Work to complete
Go through the listing below, and from the line containing "Sada pístních kroužků - 40 mm" through its last line, transcribe every line exactly, skipping pictures.

Given data

-- -- --

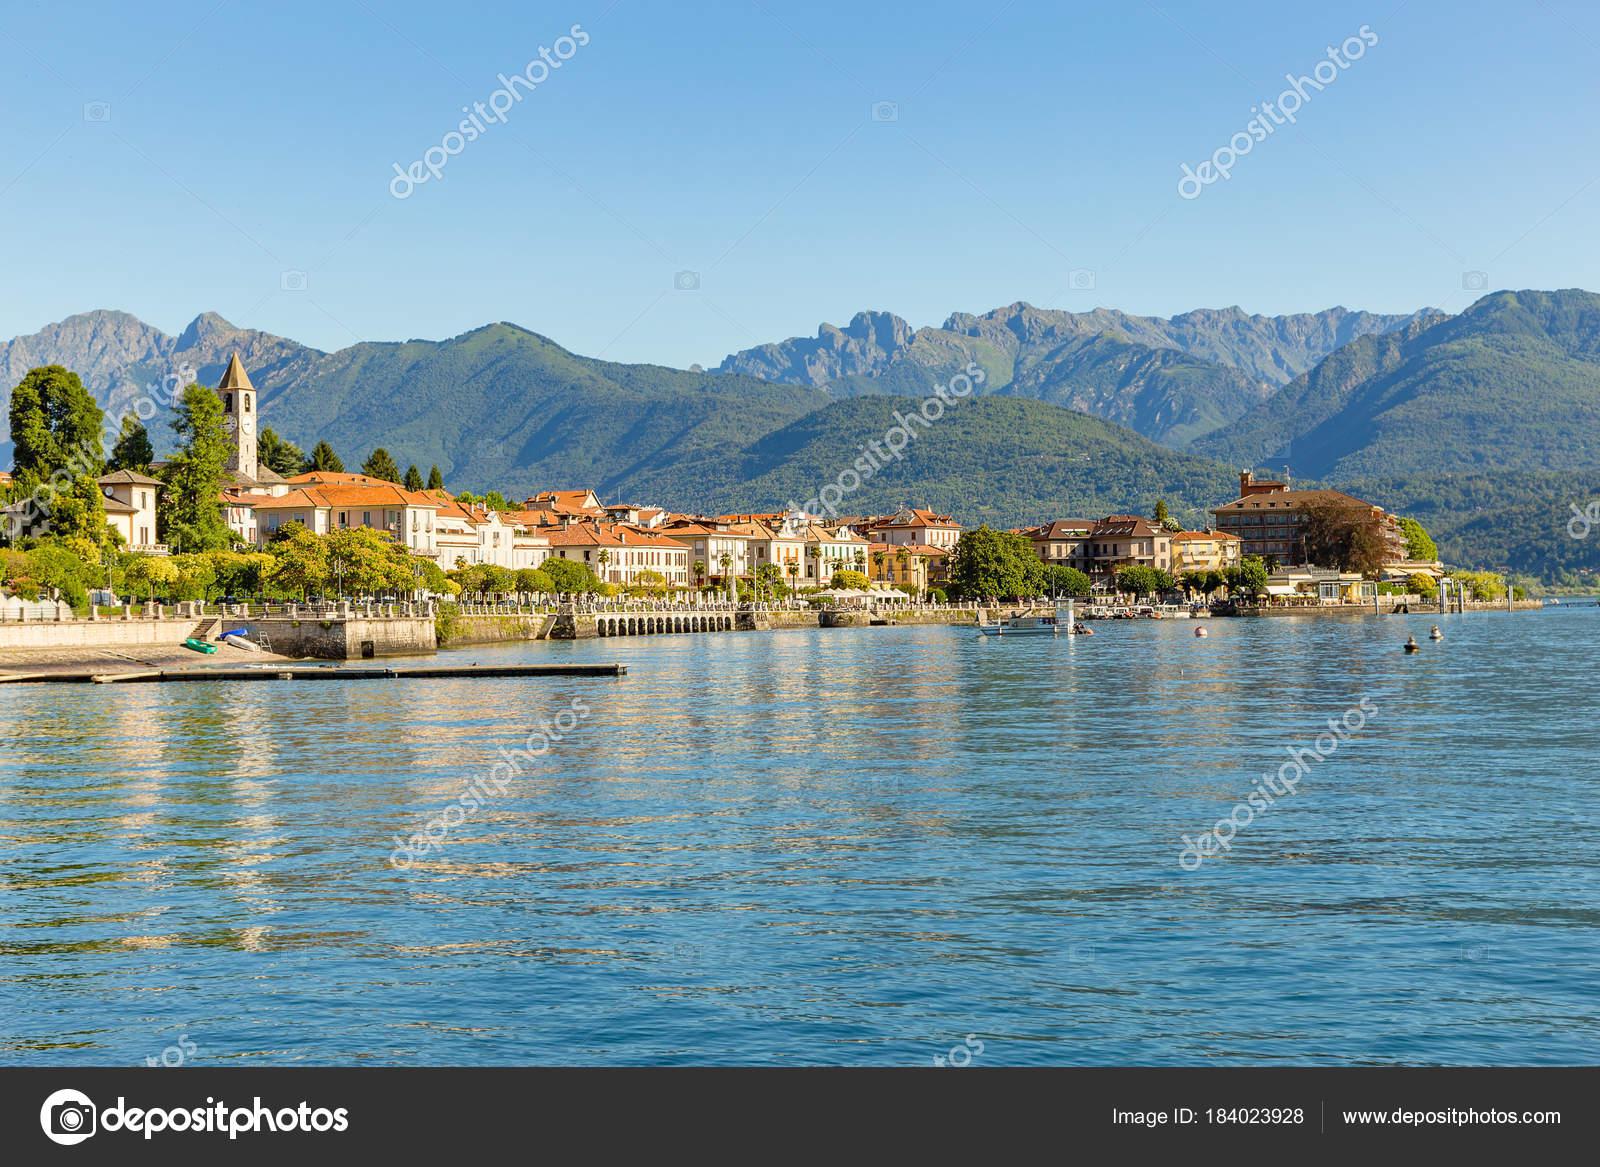 Baveno vicino a stresa sul lago maggiore italia foto for Lago vicino milano
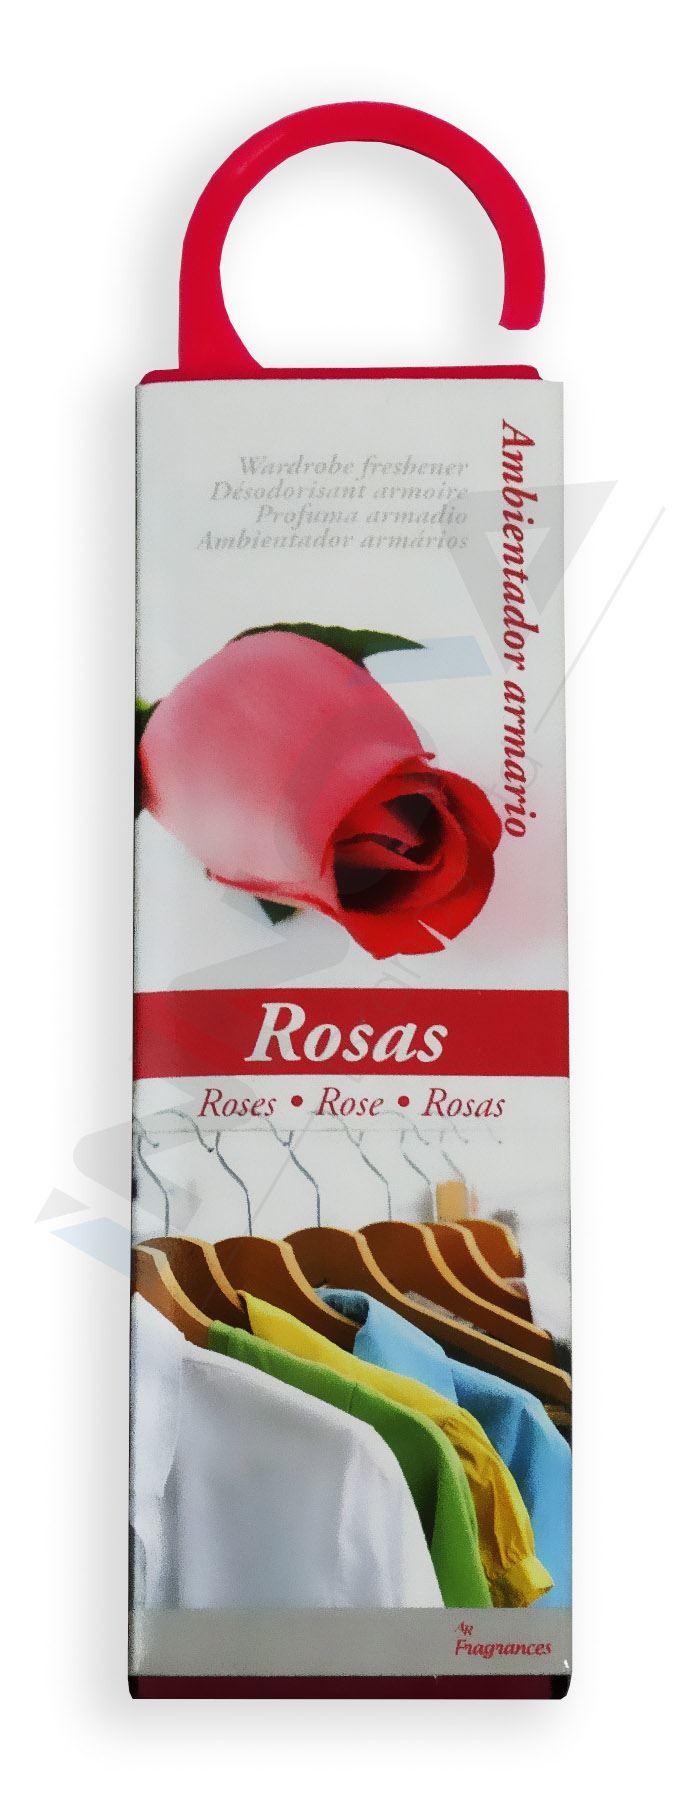 New-Scented-Sachets-Drawer-Fragrance-Bags-Wardrobe-Freshener-Rose-Jasmine-Flower thumbnail 16
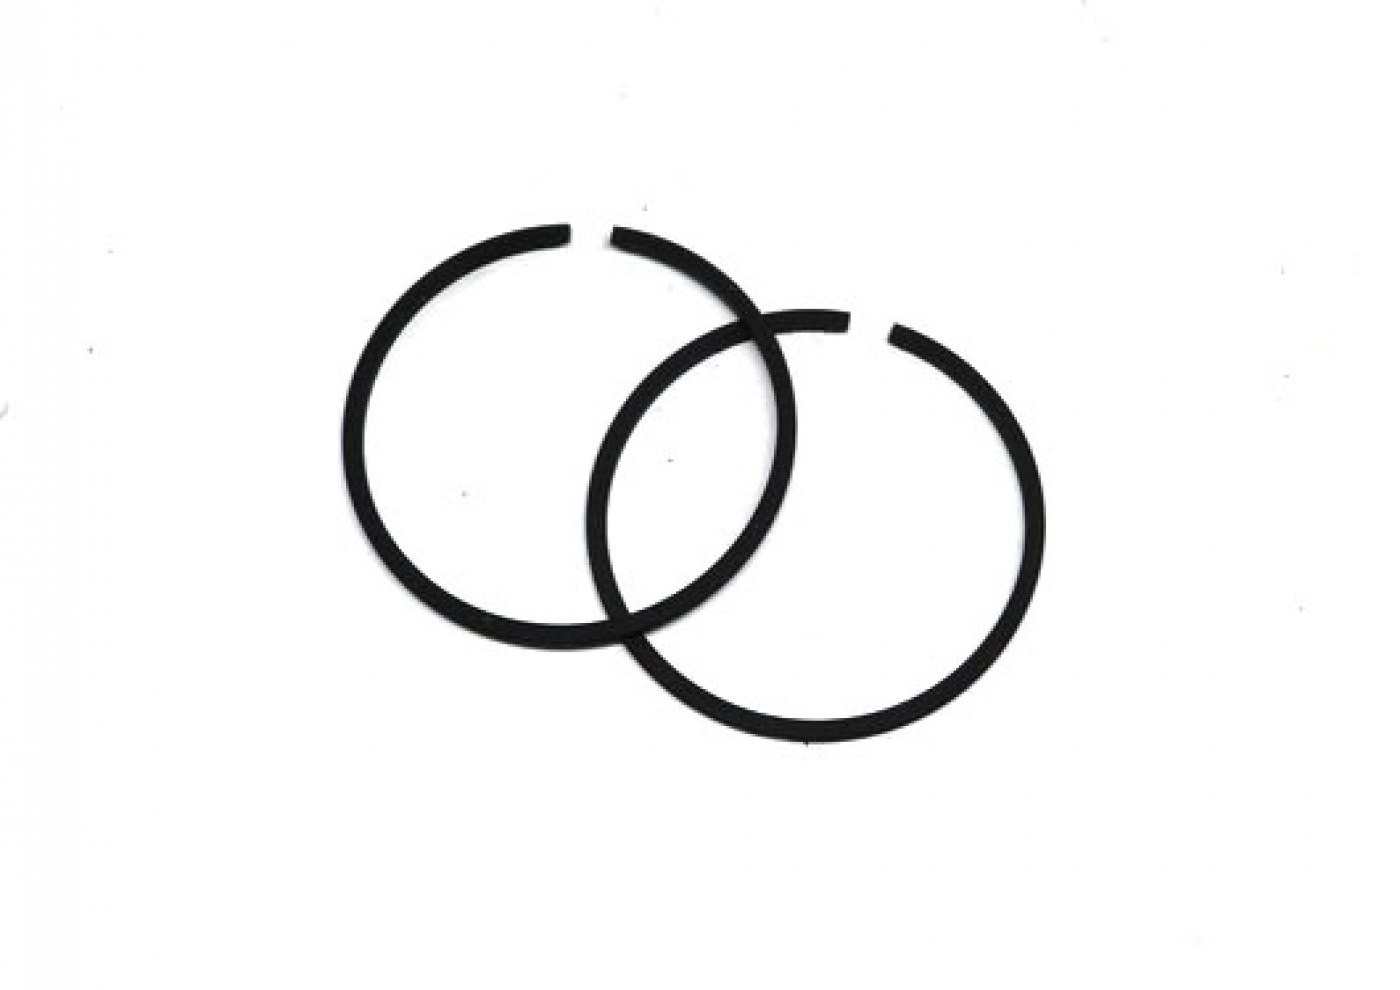 Sada pístních kroužků - 40 mm
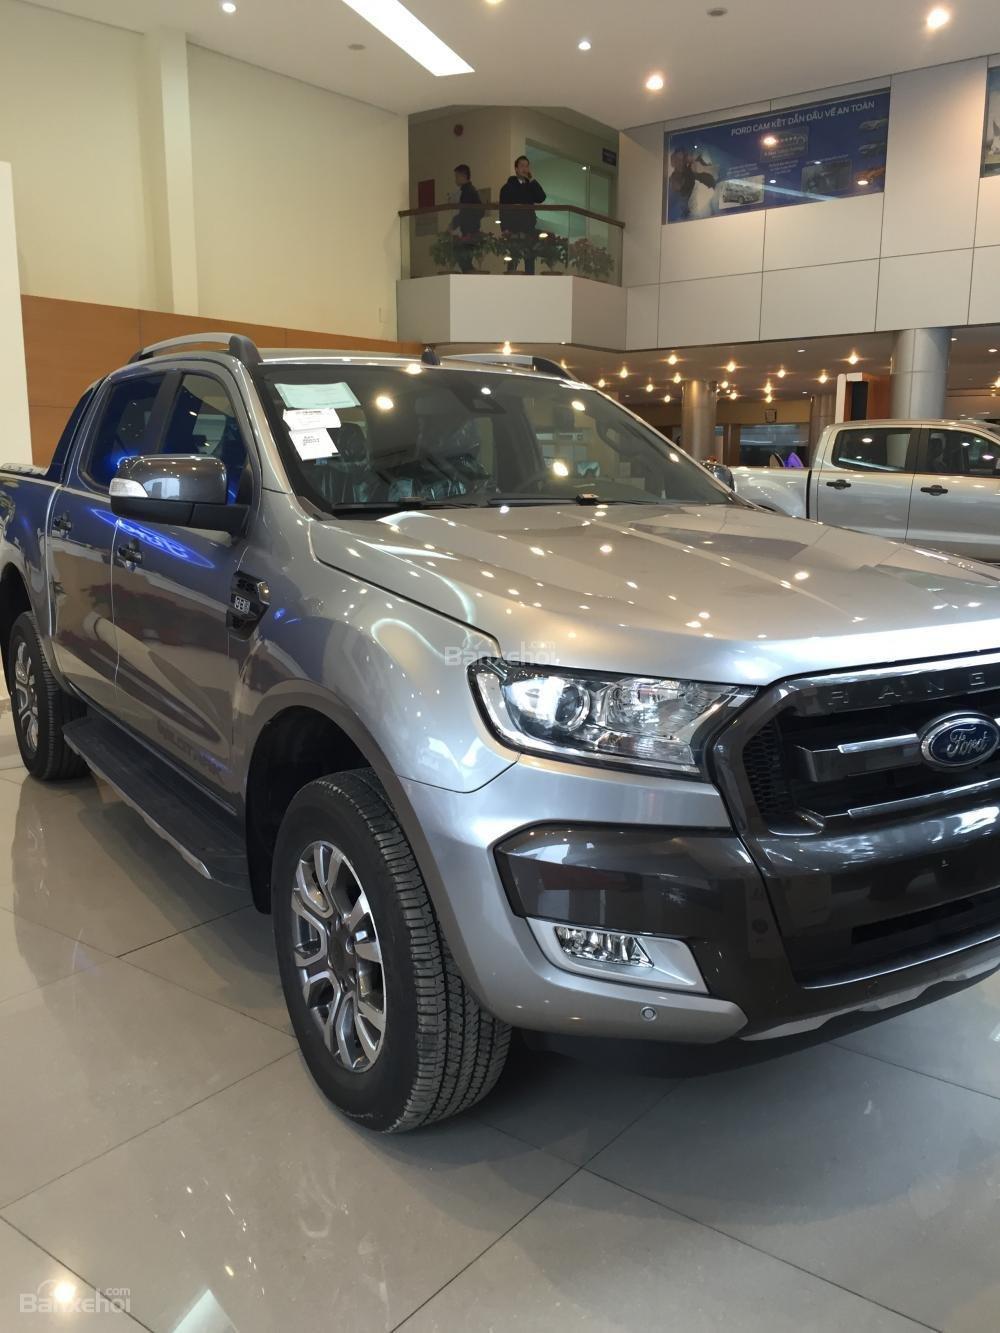 Bán Ford Ranger mới 100% giá cực rẻ, ưu đãi khủng, chỉ hơn 100 triệu có xe, LH: 033.613.5555-1

-- -- --

Expected output
 Sada pístních kroužků - 40 mm
 Bán Ford Ranger mới 100% giá cực rẻ, ưu đãi khủng, chỉ hơn 100 triệu có xe, LH: 033.613.5555-1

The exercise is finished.